Bei mehreren guten Optionen greift dein Kopf schnell auf Bauchgefühl oder die lauteste Stimme im Raum zurück. Eine Entscheidungsmatrix zwingt dich, die wirklich wichtigen Kriterien festzulegen und Optionen nachvollziehbar zu bewerten.

  • Mindestens 3 tragfähige Optionen
  • Nachvollziehbare Bewertung
  • Klare Begründung

Was ist eine Entscheidungsmatrix?

Eine gewichtete Entscheidungsmatrix vergleicht mehrere tragfähige Optionen anhand derselben Kriterien. Gewichte machen sichtbar, was für die Entscheidung besonders wichtig ist; Bewertungen, Begründung und Risiken halten nachvollziehbar, worauf das Ergebnis beruht.

  1. Optionen festlegen

    Benenne die ernsthaft infrage kommenden Alternativen klar und auf vergleichbarem Niveau.

  2. Kriterien gewichten

    Lege vor der Bewertung fest, welche Kriterien zählen und wie wichtig sie jeweils sind.

  3. Optionen bewerten

    Bewerte jede Option für jedes Kriterium mit derselben Skala und auf Grundlage verfügbarer Fakten.

  4. Favoriten begründen

    Vergleiche die gewichteten Ergebnisse und erkläre, warum die bestbewertete Option vorn liegt.

  5. Risiken prüfen

    Halte mögliche Nachteile, unsichere Annahmen und passende Gegenmaßnahmen für die bevorzugte Option fest.
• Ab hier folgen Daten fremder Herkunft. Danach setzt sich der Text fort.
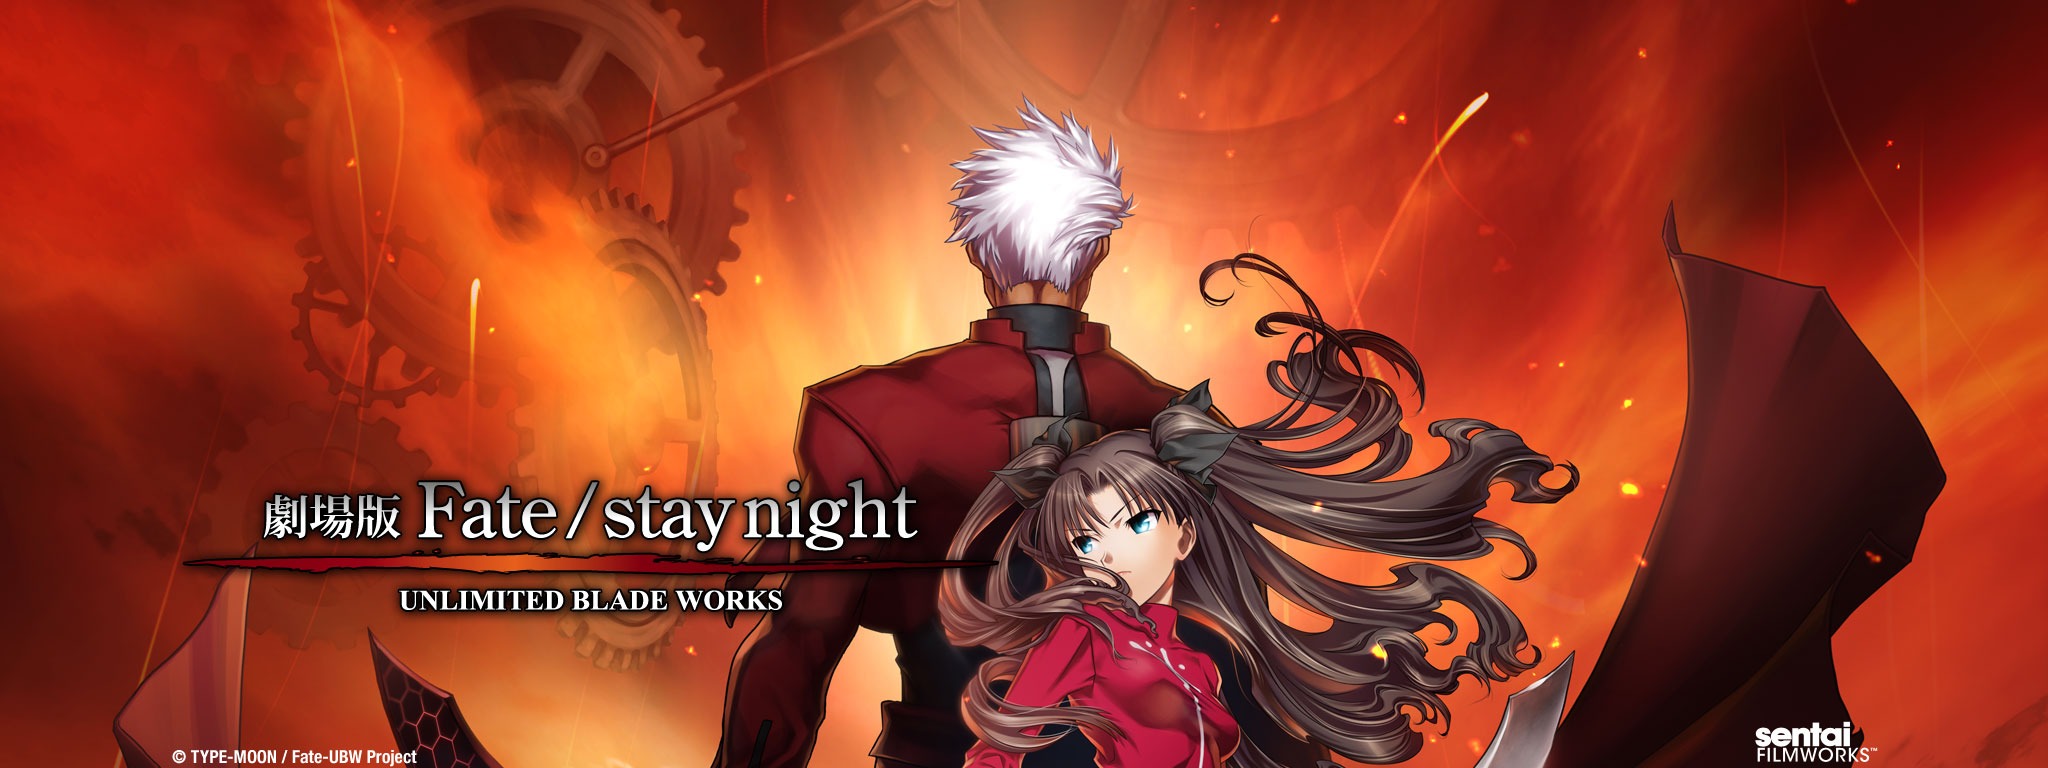 Title Art for Fate/Stay Night Unlimited Blade Works

Entscheidungsmatrix an einem konkreten Beispiel

Ein beispielhafter Vergleich von drei Systemen für den Kundensupport:

  1. Optionen

    Das Team vergleicht Zendesk, Freshdesk und Jira Service Management.

  2. Kriterien

    Integrationen zählen 30 %, Einführungsaufwand und Bedienbarkeit je 25 %, laufende Kosten 20 %.

  3. Bewertung

    Auf einer Skala von 1 bis 5 erreicht Freshdesk 4,25 Punkte, Zendesk 4,10 und Jira Service Management 3,80.

  4. Favorit

    Freshdesk liegt knapp vorn, weil es schnell einführbar ist und bei den Kosten gut abschneidet; der geringe Abstand zu Zendesk bleibt sichtbar.

  5. Risiko

    Unklar ist, ob die Berichtsfunktionen ausreichen. Das Team prüft sie deshalb vor der Entscheidung in einem zweiwöchigen Pilot.

Die Werte sind nur ein Beispiel. Ein hoher Score ist kein Beweis: Kriterien, Gewichte und Bewertungen sollten begründet und bei knappen Ergebnissen auf veränderte Annahmen geprüft werden.

Wann diese Methode hilft

Nutze sie bei mindestens drei tragfähigen Optionen, wenn mehrere Personen deine Begründung verstehen müssen oder du deine eigene Entscheidung immer wieder infrage stellst.

Grenzen und Warnsignale

Das Ergebnis ist nur so belastbar wie Kriterien, Gewichtungen und zugrunde liegende Fakten. Ein hoher Score ist kein Beweis; Gleichstände und schwache Evidenz müssen sichtbar bleiben.

Wo Reflacto diese Methode einsetzt

Wähle die Situation, die du reflektieren möchtest:

Wichtigste Vorteile

  • Löst Entscheidungsblockaden durch einen klaren Favoriten auf Basis deiner wichtigsten Kriterien
  • Zeigt anderen transparent, wie du zu deiner Entscheidung gekommen bist
  • Bringt Faktoren ins Blickfeld, die unter Druck leicht vergessen werden
  • Schafft eine wiederverwendbare Vorlage für ähnliche Entscheidungen

Diese Fragen stellt Reflacto

Reflacto übersetzt die Methode in diese konkreten Reflexionsfragen:

  1. 1Welche Optionen ziehst du in Betracht?
  2. 2Welche Kriterien sind für diese Entscheidung am wichtigsten?
  3. 3Bewerte jede Option anhand jedes Kriteriums
  4. 4Basierend auf deiner Bewertung, welche Option liegt am höchsten und warum?
  5. 5Was sind die Hauptrisiken für jede Option?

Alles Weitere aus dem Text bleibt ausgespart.